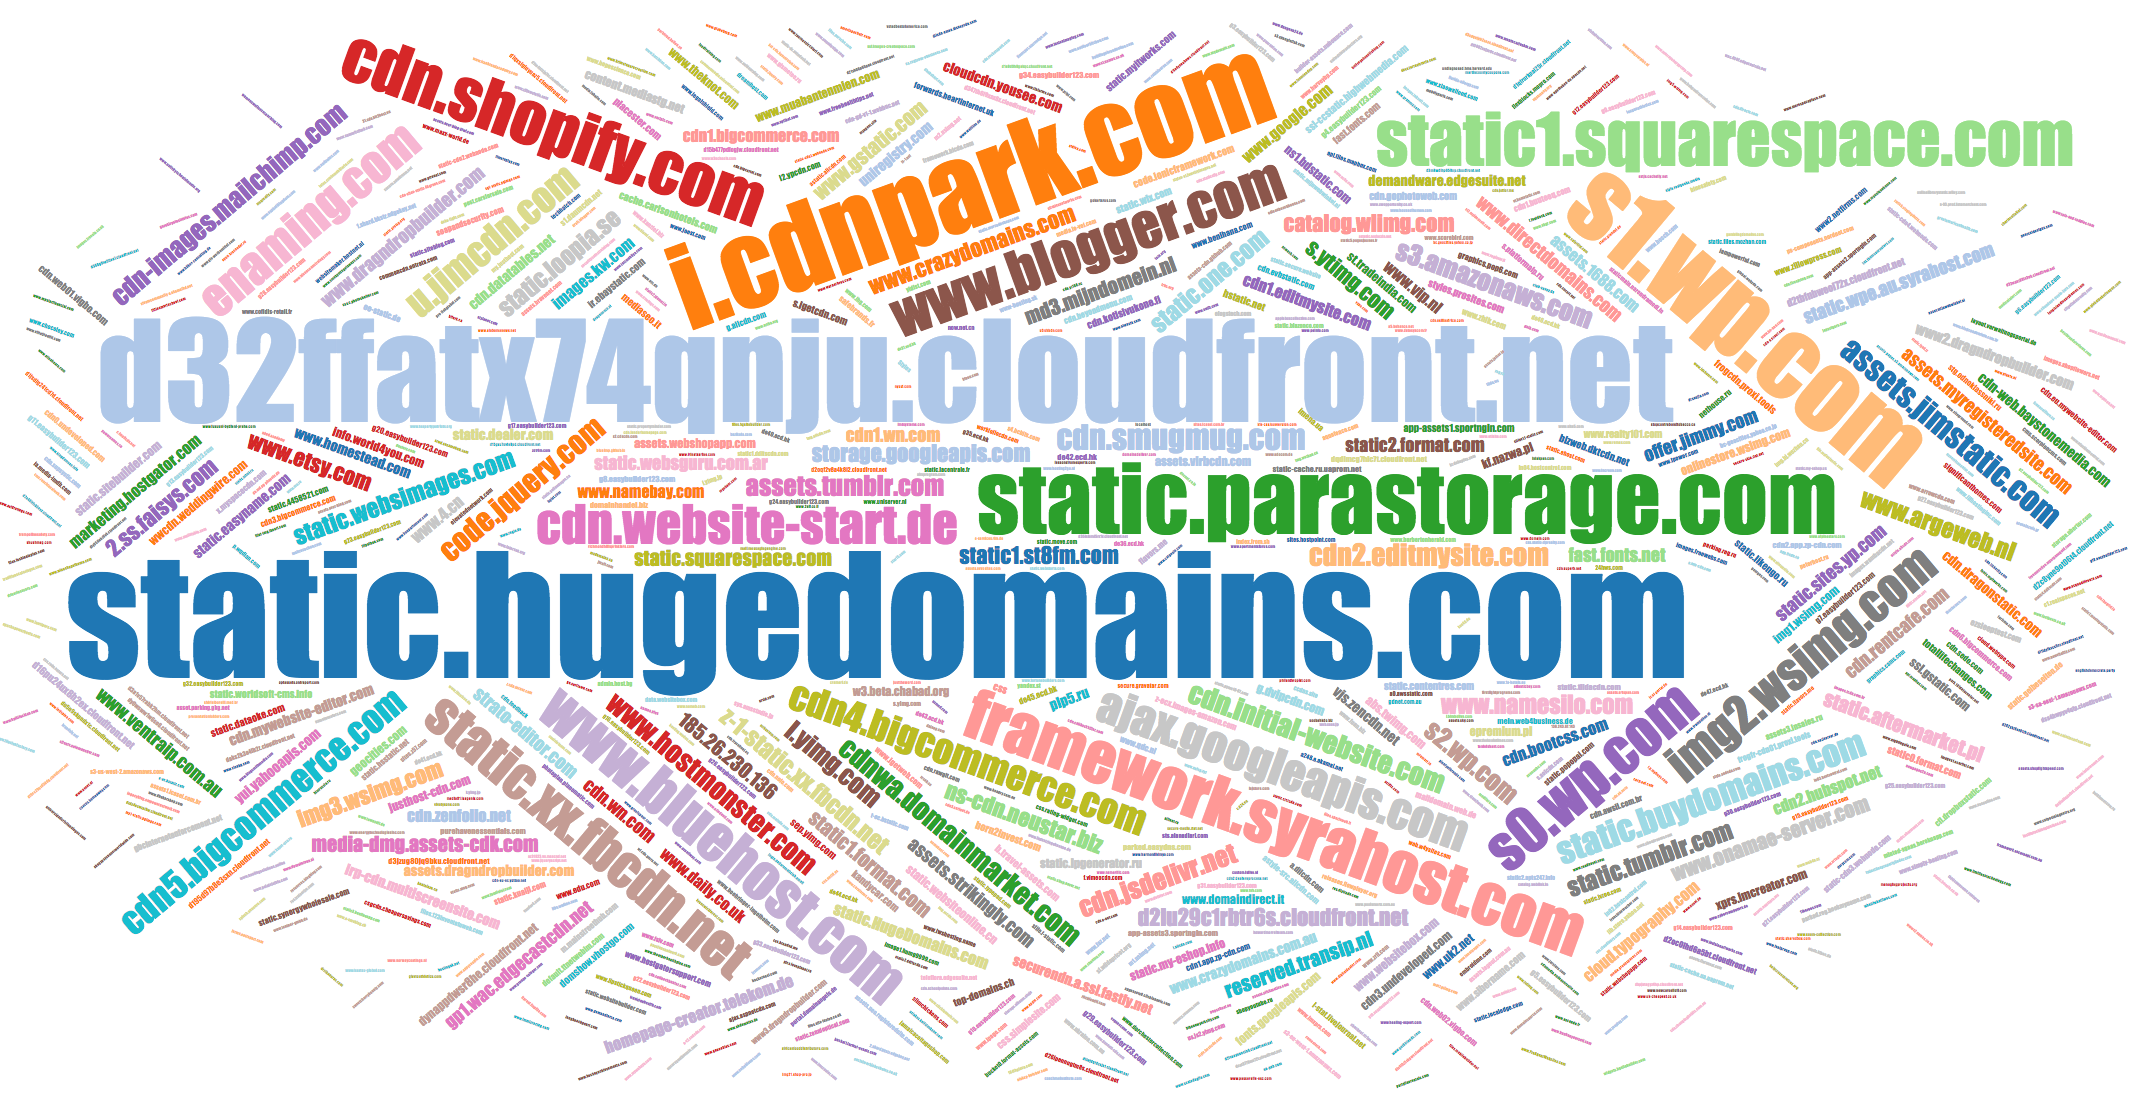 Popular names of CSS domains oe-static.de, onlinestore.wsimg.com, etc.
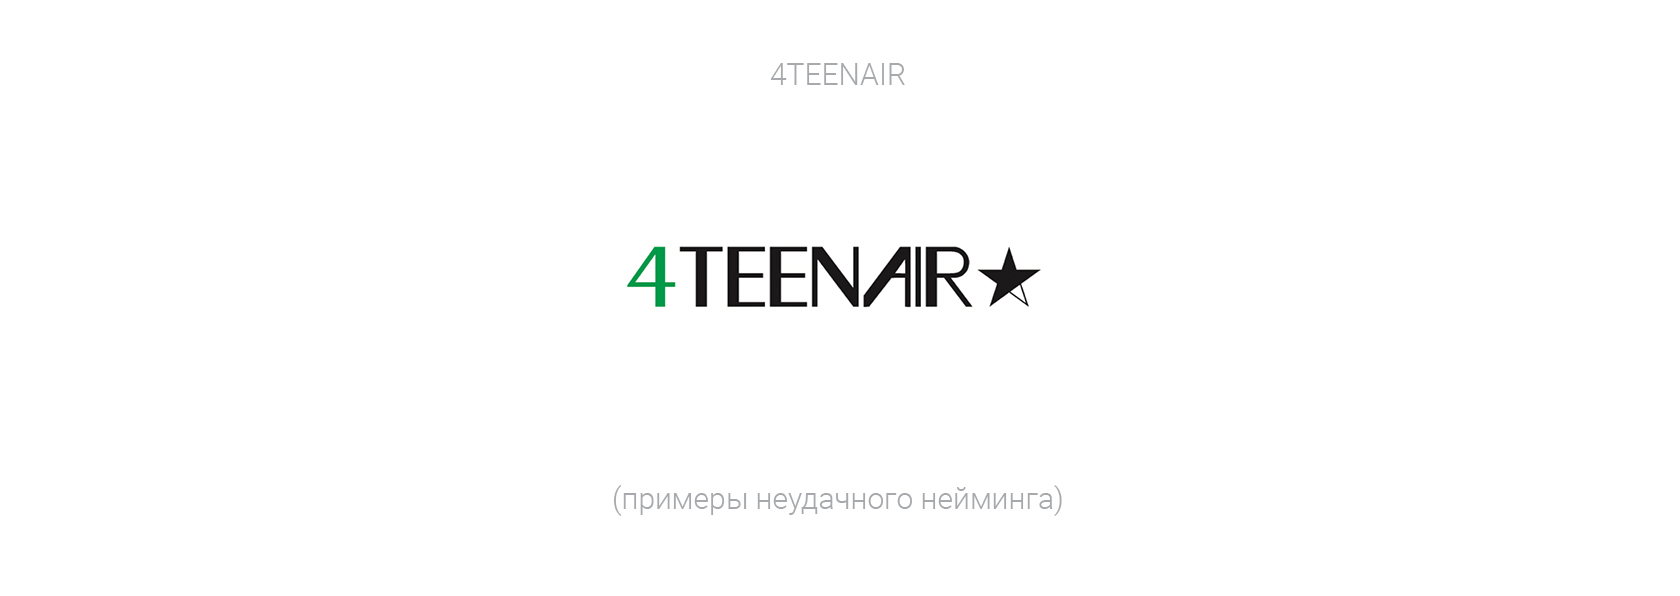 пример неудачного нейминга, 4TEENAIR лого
##########
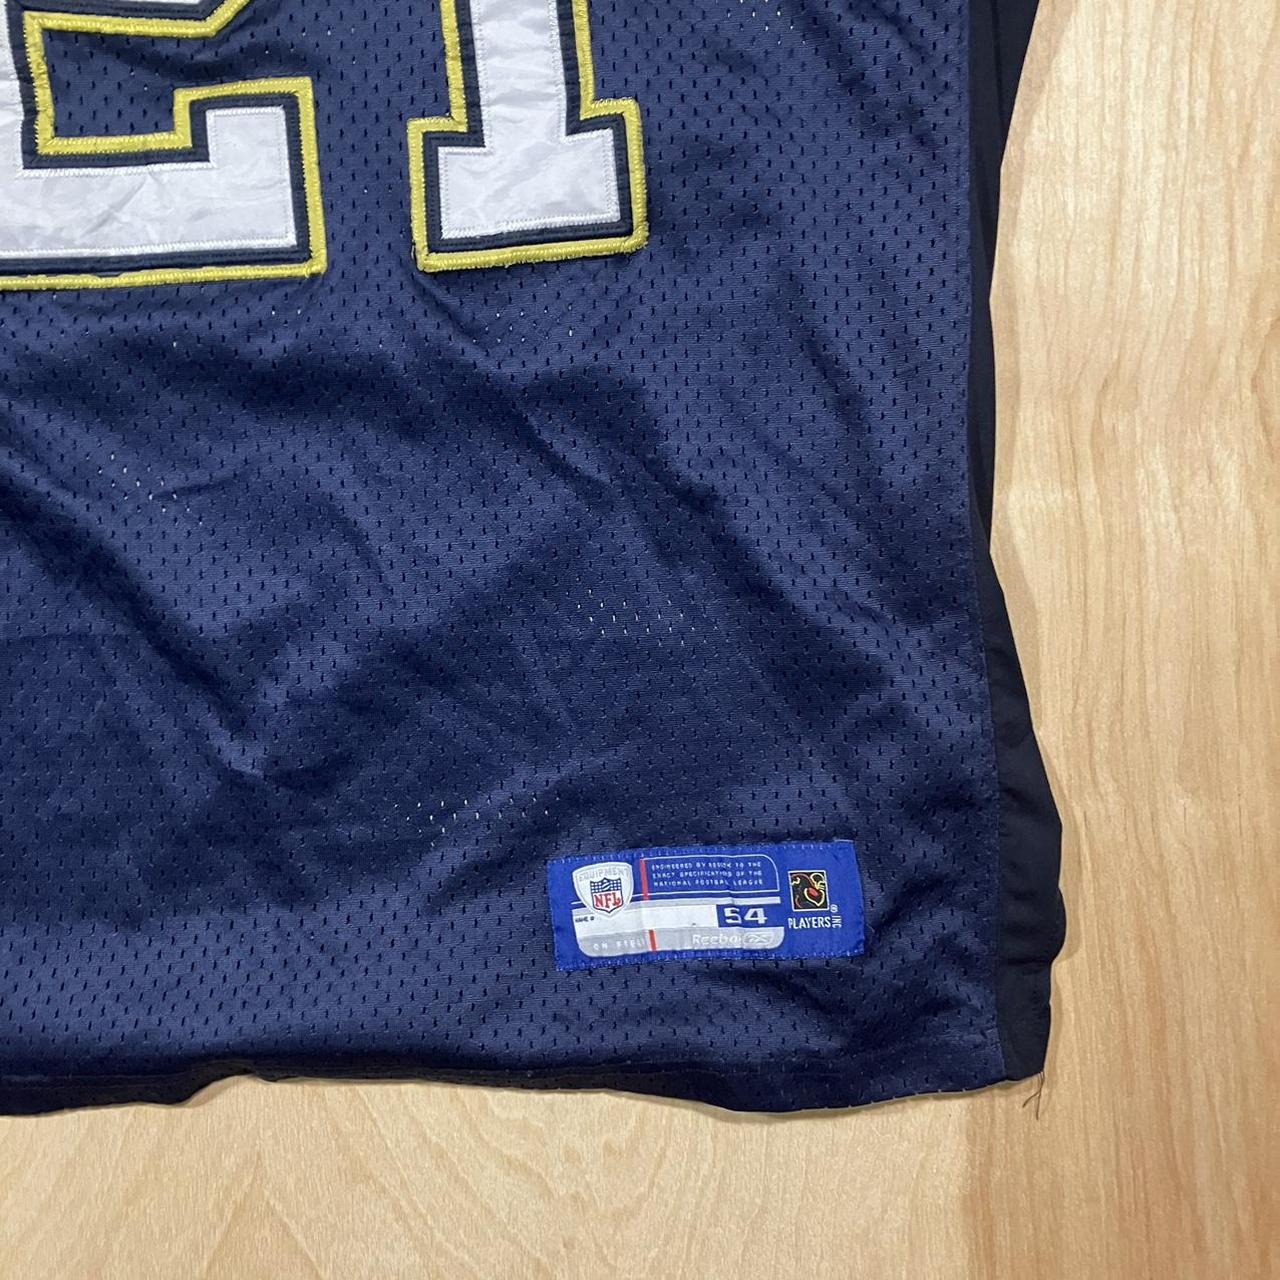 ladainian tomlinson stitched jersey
##########
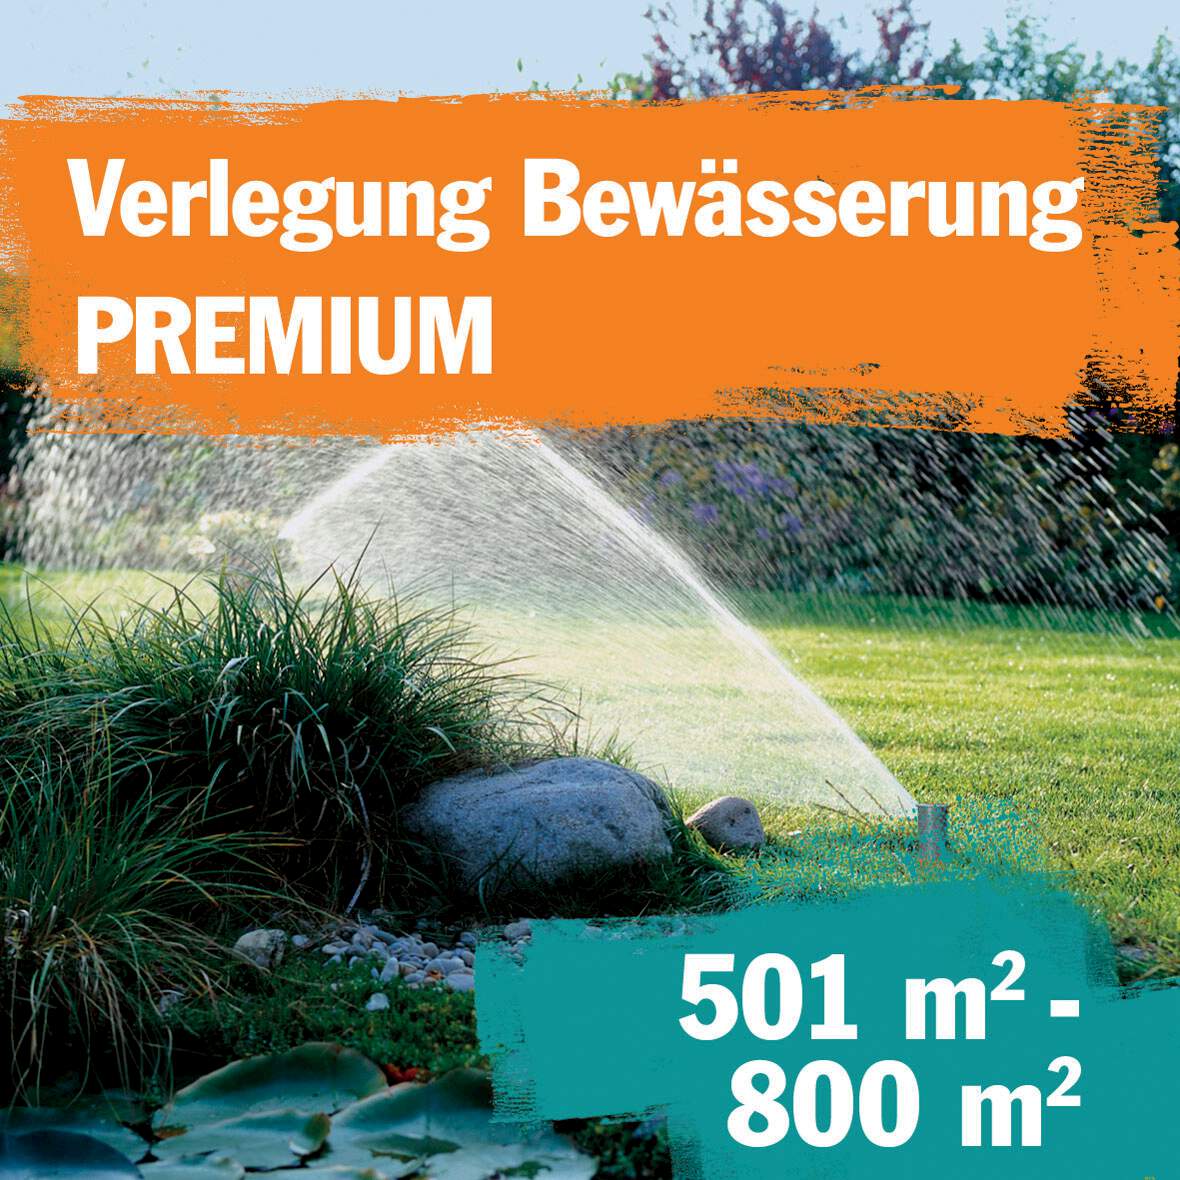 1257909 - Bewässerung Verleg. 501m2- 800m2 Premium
##########
WHAT TO PRODUCE
Reproduce the lines above starting at the one with "Popular names of" and ending at the one with "пример неудачного нейминга, 4TEENAIR лого", both included, exactly and with no pictures.

WRITTEN SOLUTION
 Popular names of CSS domains oe-static.de, onlinestore.wsimg.com, etc.
 пример неудачного нейминга, 4TEENAIR лого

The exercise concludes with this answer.